6670 WŚ - Chapter 121
Chapter 121 - " Moc Senjiego "
--------------------------------------------------------------------------------------------------------------------------------------
Senji : Tak jak już mówiłem wcześniej.. zginiesz z moich rąk !
Delira : Dawaj !
(Senji i Delira zderzyli się swoimi mieczami)
Delira : Może i jesteś demonem w organizacji Rendiego, lecz ja także słaba nie jestem i mam jakieś umiejętności władania ostrzem
Senji : Przekonajmy się !
(Delira próbuje za wszelką cenę trafić Senjiego, lecz ich miecze ciągle się zderzają ze sobą)
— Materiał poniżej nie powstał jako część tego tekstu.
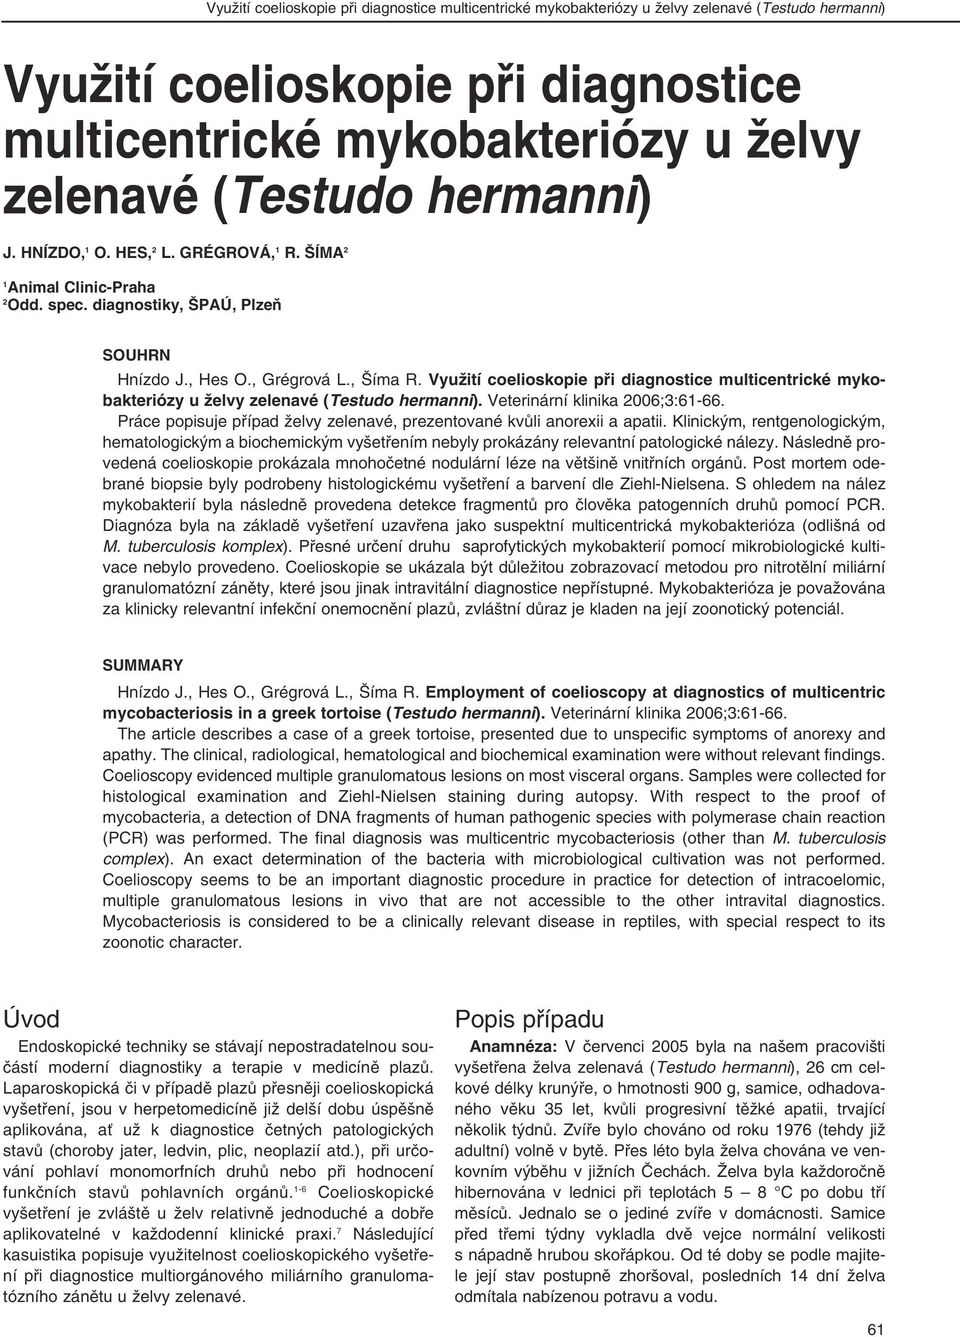 Využití coelioskopie při diagnostice multicentrické mykobakteriózy u želvy zelenavé (Testudo hermanni). Veterinární klinika 2006;3:61-66.

Senji : Zaraz zadam ci ostateczne cięcie !
Delira : Ach tak ?
(Delira ponownie zderzyła swój miecz z Senjim, lecz tym razem Diamentowy Miecz rozkruszył się wbijając w ciało Senjiego fioletowe odłamki)
Senji : Hmm ?!
(Delira cofnęła się w tył a jej miecz został zregenerowany)
Senji : Więc to tak
(Senji wyciąga odłamki z swojego ciała)
Senji : Ha !
(Senji robi zamach mieczem wywołując wichurę)
Senji : Co powiesz na to ?!
(Senji strzela piorunami z swojego miecza)
Delira : Aaaaaa !!!
(Delira upuszcza swój miecz, który wbił się w ziemię, zaś Senji robi to samo i z uśmiechem na twarzy wzbija się jeszcze wyżej w powietrze)
Senji : Pokaż mi tą swoją moc
Delira : Pożałujesz tego !
Senji : Doprawdy ?
(Delira teleportowała się do Senjiego i uderzyła go z pięści w twarz)
Senji : Co jest ?!
(Następnie teleportowała się za niego i kopnęła go z całych sił w żebra, demon pluł krwią)
(*Senji : Nie tylko jej ciosy są o wiele silniejsze.. jest zwinna i szybka, w końcu to kobieta)
Delira : No co jest ?!
(Senji odwrócił się i chciał uderzyć dziewczynę w twarz, lecz Księżna Delira robiła świetne uniki z dobrą szybkością)
Delira : Ślimaczysz się !
(Kiedy Senji próbował ją uderzyć z pięści, Delira zrobiła unik i salto w tył przy czym uderzyła Senjiego z całej siły w brzuch)
Senji : Aaaaaaa !!!
Delira : Gdzie ta cała twoja moc, którą przed chwilą emitowałeś ?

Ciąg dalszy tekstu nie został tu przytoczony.